The listing below has to be output exactly as given, less its pictures.

Supplied data:
......

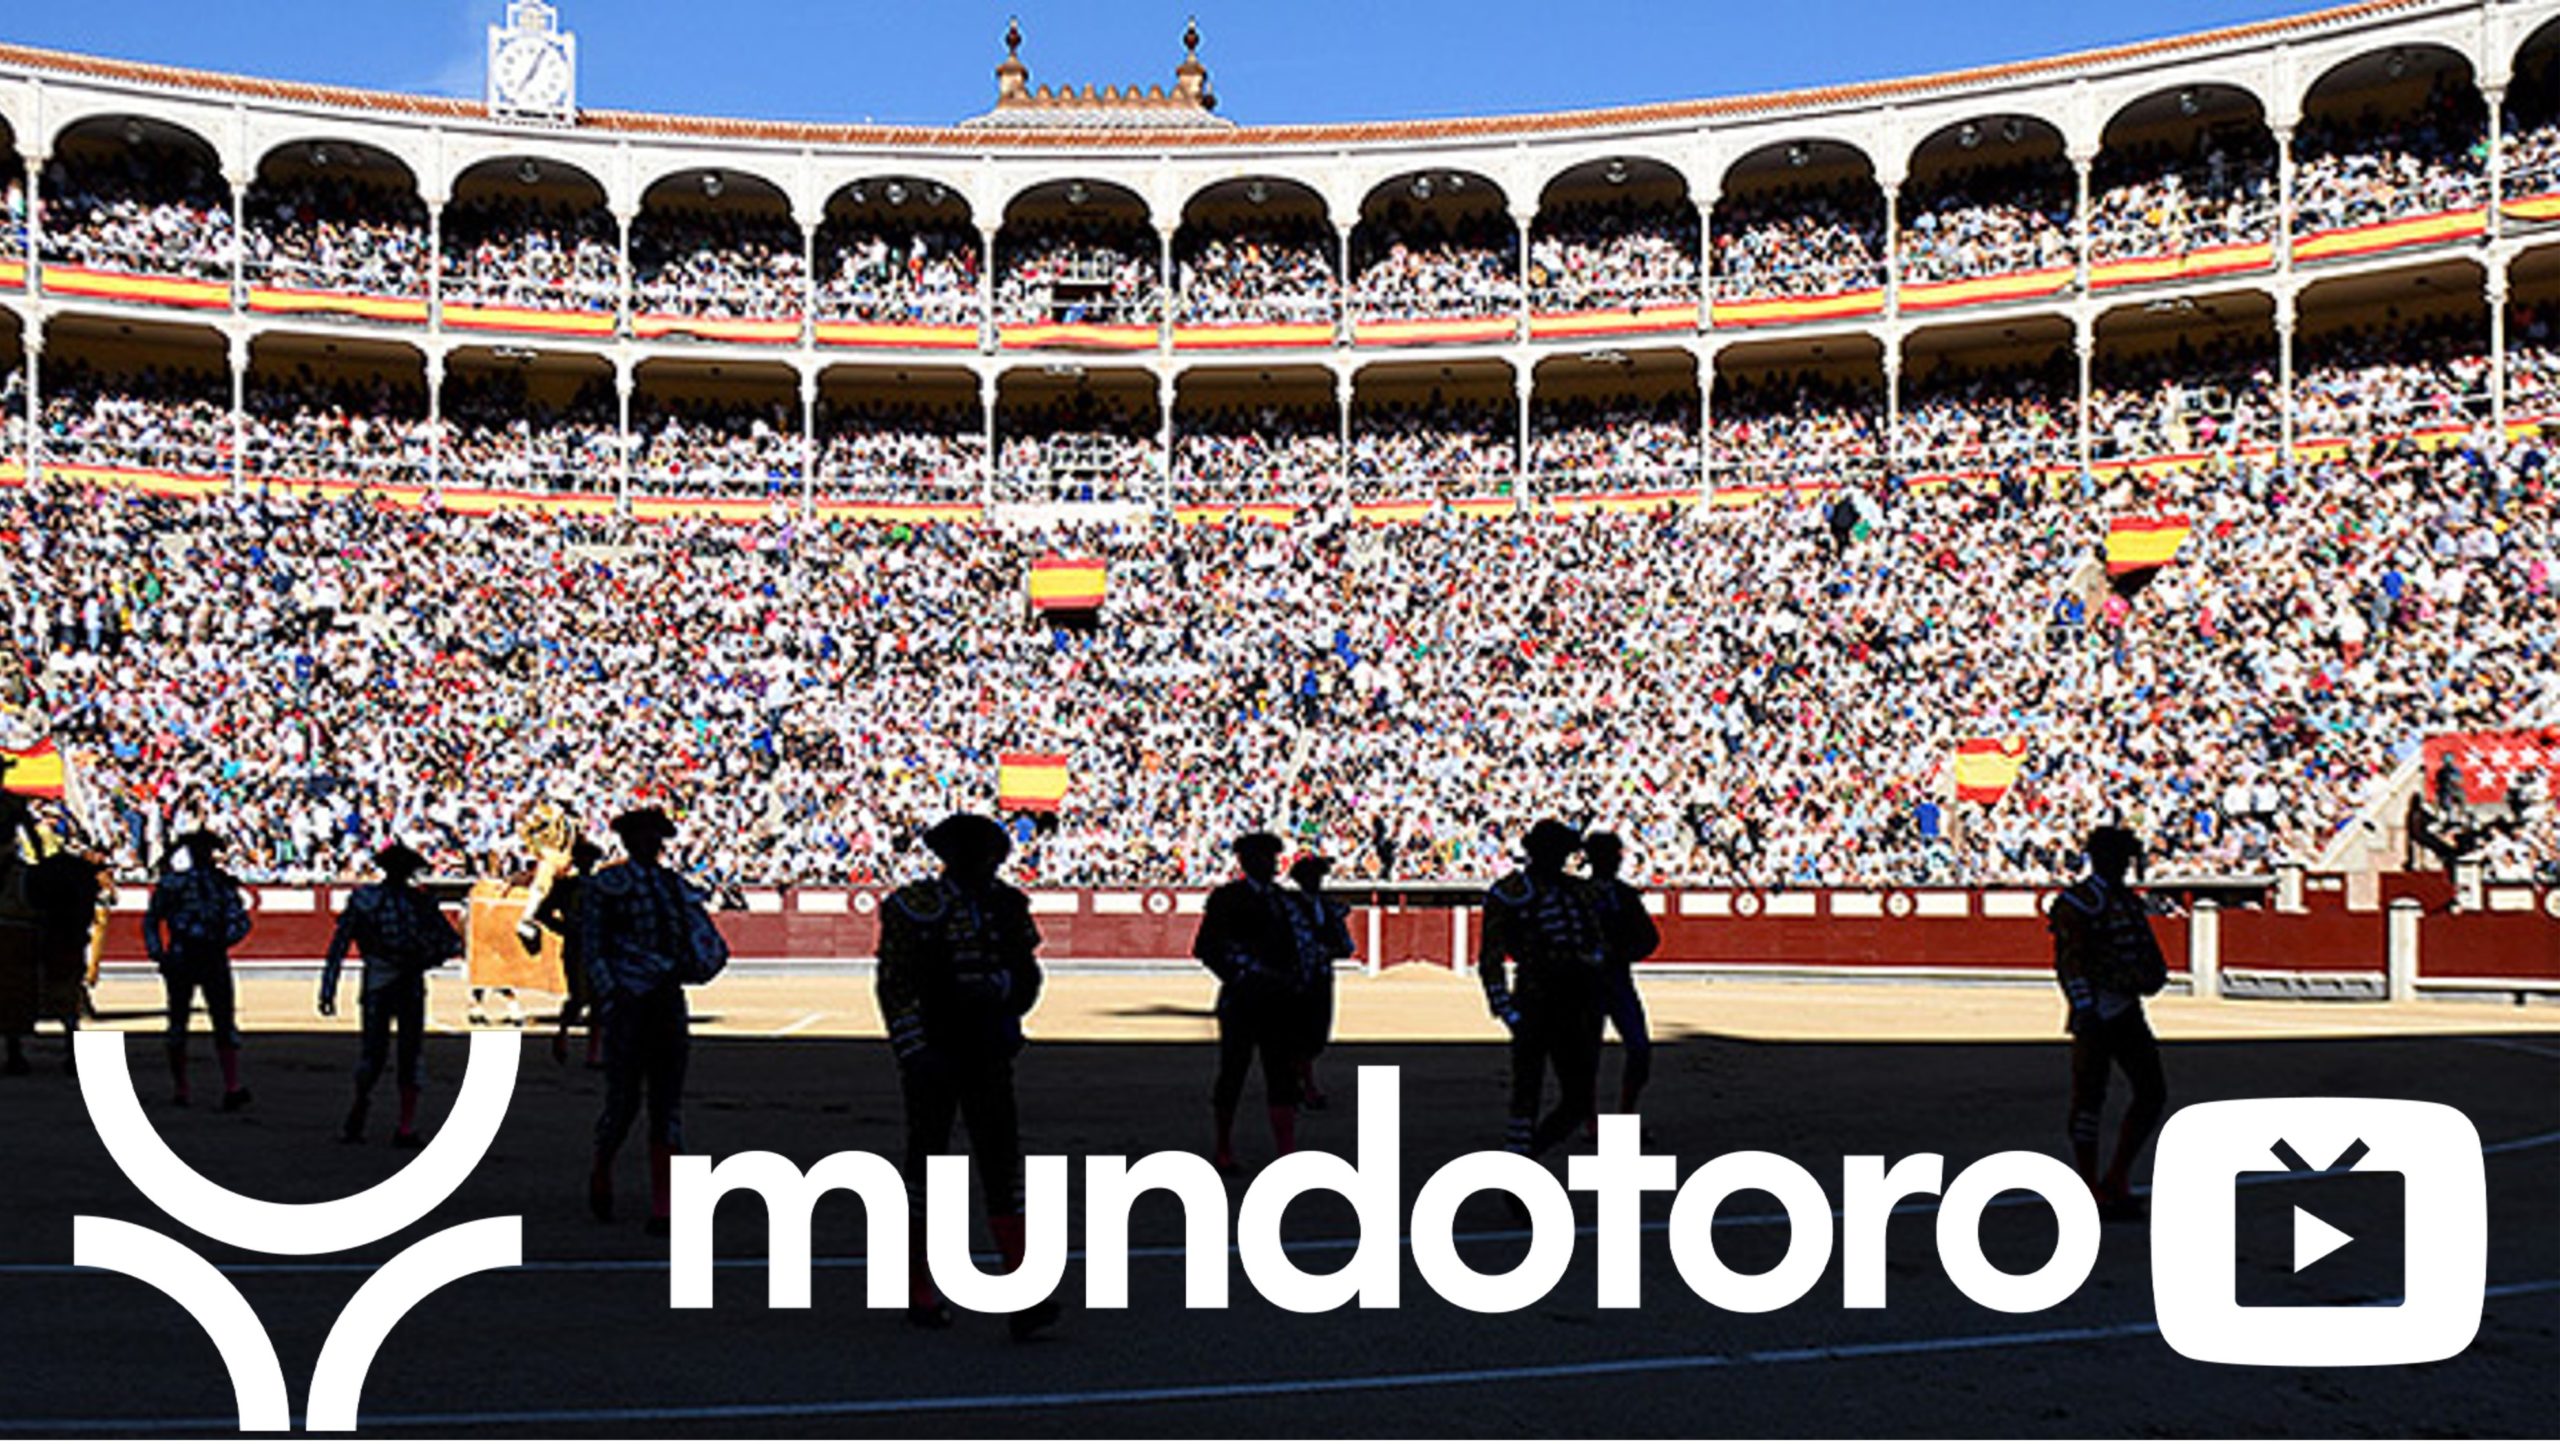 Mundotoro TV ha presentado un nuevo festejo desde Las Ventas que abrirá su programación de agosto
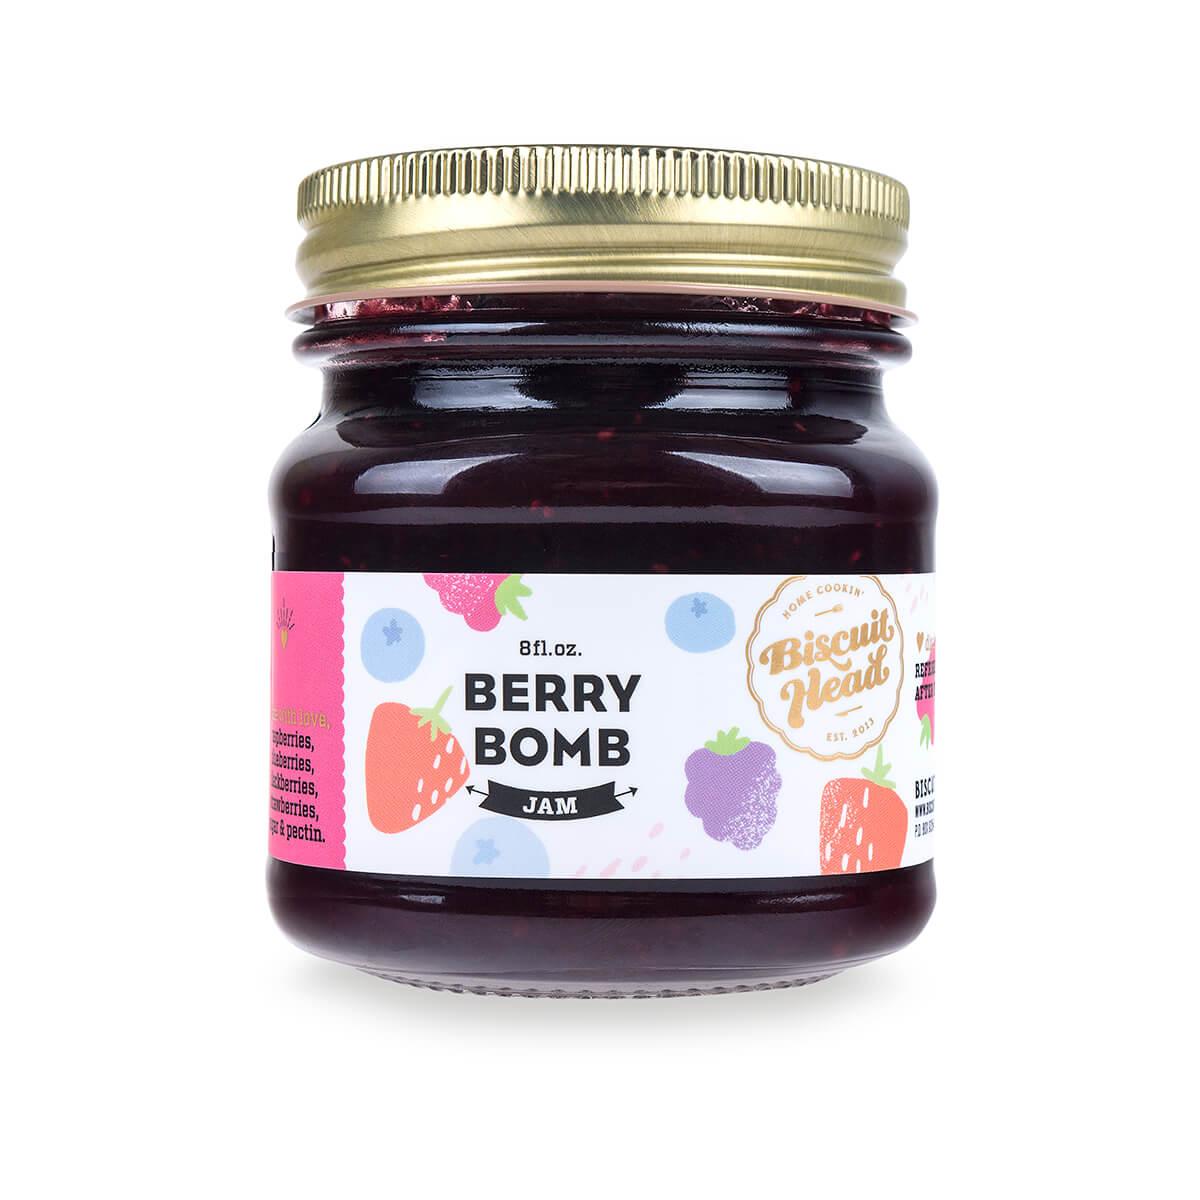  Berry Bomb Jam
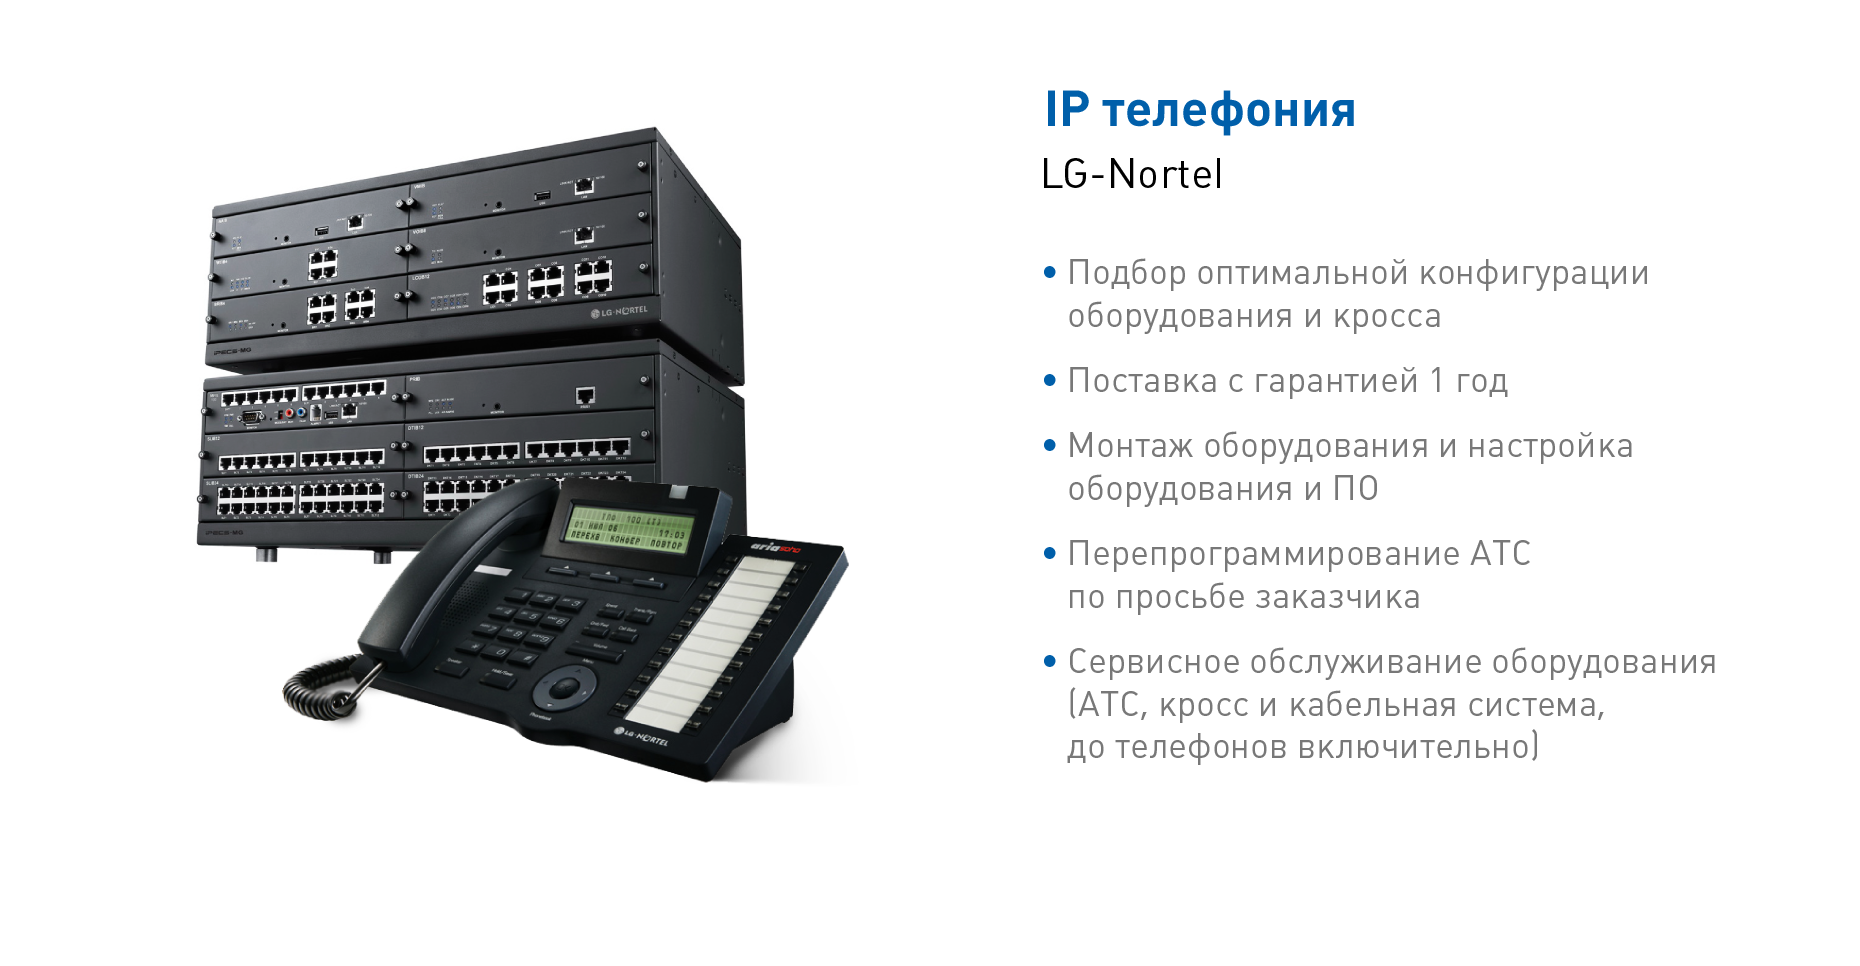 АТС и IP телефония LG Nortel

......

Result:
 Mundotoro TV ha presentado un nuevo festejo desde Las Ventas que abrirá su programación de agosto
  Berry Bomb Jam
 АТС и IP телефония LG Nortel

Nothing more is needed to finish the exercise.